Confermate le previsioni che avevano preannunciato un calo del 25-30 per cento nella produzione rispetto al 2013. L’esperto Sebastiano Di Maria, corrispondente della testata “Il Corriere vinicolo”, traccia un quadro complessivo del settore vitivinicolo molisano, parlando anche delle prospettive future. «Purtroppo le condizioni meteo si sono mostrate non proprio favorevoli anche durante il periodo estivo, quando erano necessarie giornate assolate, invece di pioggia e basse temperature», commenta l’esperto nell’intervista. 

di Alessandro Corroppoli 
La mano lunga della crisi si è spinta sino a toccare anche uno dei settori che meglio di altri aveva ammortizzato i colpi della depressione economica e sociale, l’agricoltura. Le previsioni pre-vendemmiali, fatte a cavallo tra agosto e settembre, preannunciavano la possibilità di un calo di quantità di uva prodotta pari a circa il 15 per cento, su scala nazionale, rispetto all’annata precedente. E del 25-30 per cento su scala regionale. Previsioni, purtroppo, confermate da Sebastiano Di Maria, corrispondente per il Molise e l’Abruzzo, de “Il Corriere Vinicolo”, storica testata di settore. L’esperto traccia un quadro complessivo sull’annata sia sotto il profilo quantitativo che qualitativo, senza dimenticare le prospettive future di un settore, come quello vitivinicolo, in forte espansione. 
Grappoli di Tintilia
Le previsioni di una produzione ridotta in termini percentuali, lette da più parti, sono state rispettate o smentite?

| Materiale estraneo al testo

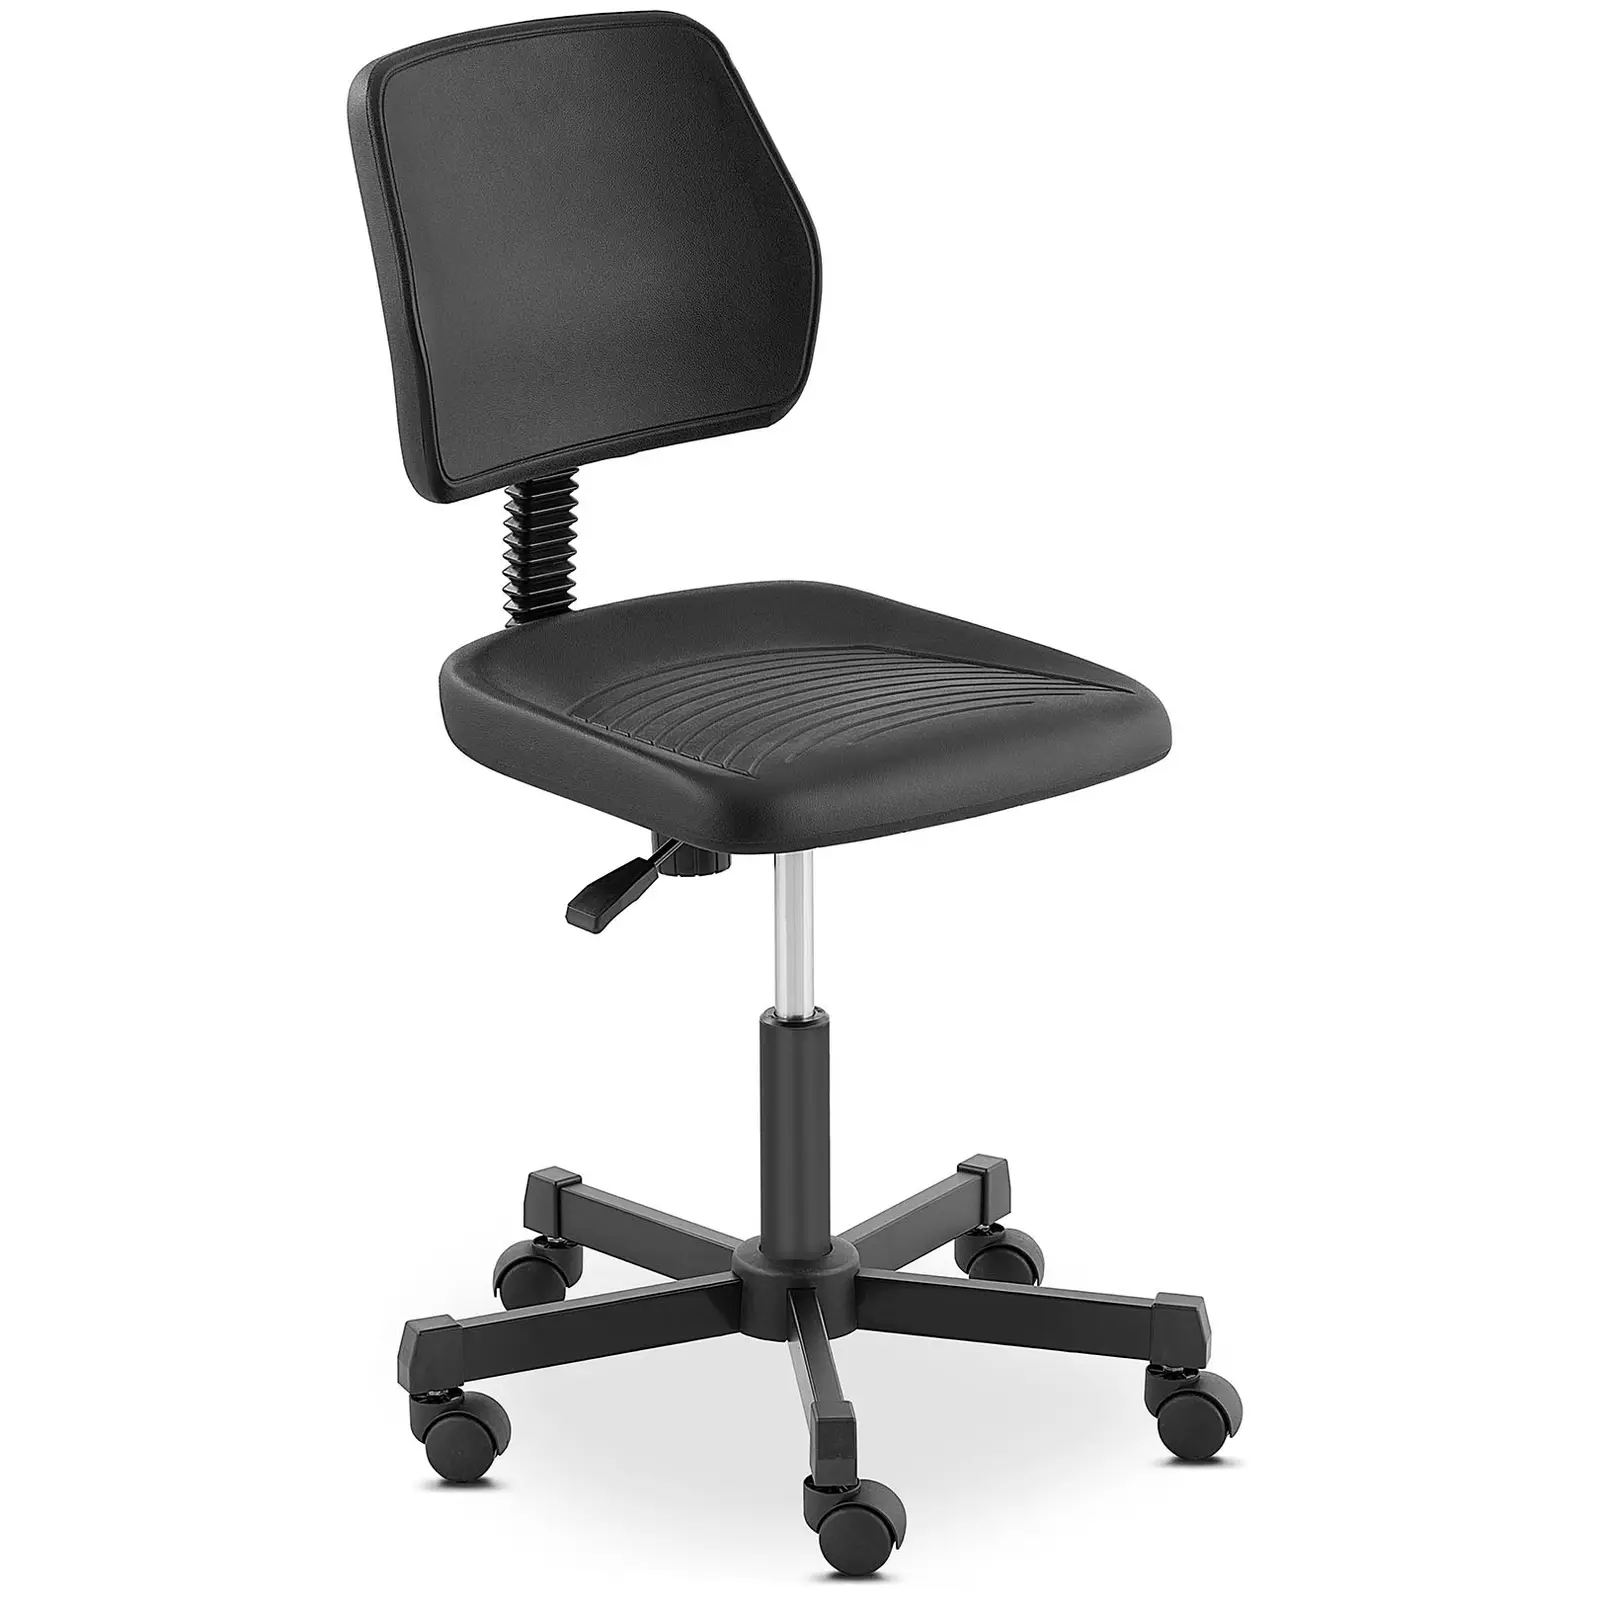 Laboratórna stolička - 120 kg - čierna - výška nastaviteľná medzi 410 – 550 mm

«Come già evidenziato, le previsioni erano tutt’altro che positive. Le stime parlavano di un calo intorno al 15 per cento. In realtà, mentre si stanno raccogliendo gli ultimi grappoli di uva, si può tranquillamente dire che sono state anche fin troppo ottimistiche: in alcune zone ci si è avvicinati anche a punte del 25-30 per cento. Questo vale anche per il Molise: dopo un’attenta analisi tra i maggiori produttori regionali, il dato da me riportato sul Corriere Vinicolo è pressoché confermato». 
Quali sono state le cause di questo calo vistoso e quali ripercussioni avrà, per l’Italia, sul mercato internazionale?
«Sicuramente le condizioni meteorologiche non favorevoli durante le fasi di fioritura e allegagione hanno portato a questi risultati. Secondo le stime di Assoenologi si dovrebbero produrre 42 milioni di ettolitri di vino, ai livelli della Spagna, ma ben al di sotto dell’exploit dello scorso anno pari a 47 milioni di ettolitri. Numeri, invece, ad appannaggio dei transalpini, che porterebbero la Francia, dopo due annate difficili, a primeggiare a livello mondiale».
Oltre a un calo evidente della produzione, era stata preventiva anche una sostanziale difficoltà nel garantire una buona qualità delle uve, imputabile a diversi fattori, e quindi un’annata non proprio da ricordare per il vino. Come giudica quest’aspetto?
«Purtroppo le condizioni meteo si sono mostrate non proprio favorevoli anche durante il periodo estivo, quando erano necessarie giornate assolate, invece di pioggia e basse temperature. A questo si sono aggiunte fitopatie come oidio e peronospora, come conseguenza del decorso stagionale, molto aggressive e difficili da controllare. Solo in alcune regioni, in particolare nel centro sud, le favorevoli condizioni meteo di settembre, con giornate assolate e calde, hanno ridato il sorriso a molti viticoltori». 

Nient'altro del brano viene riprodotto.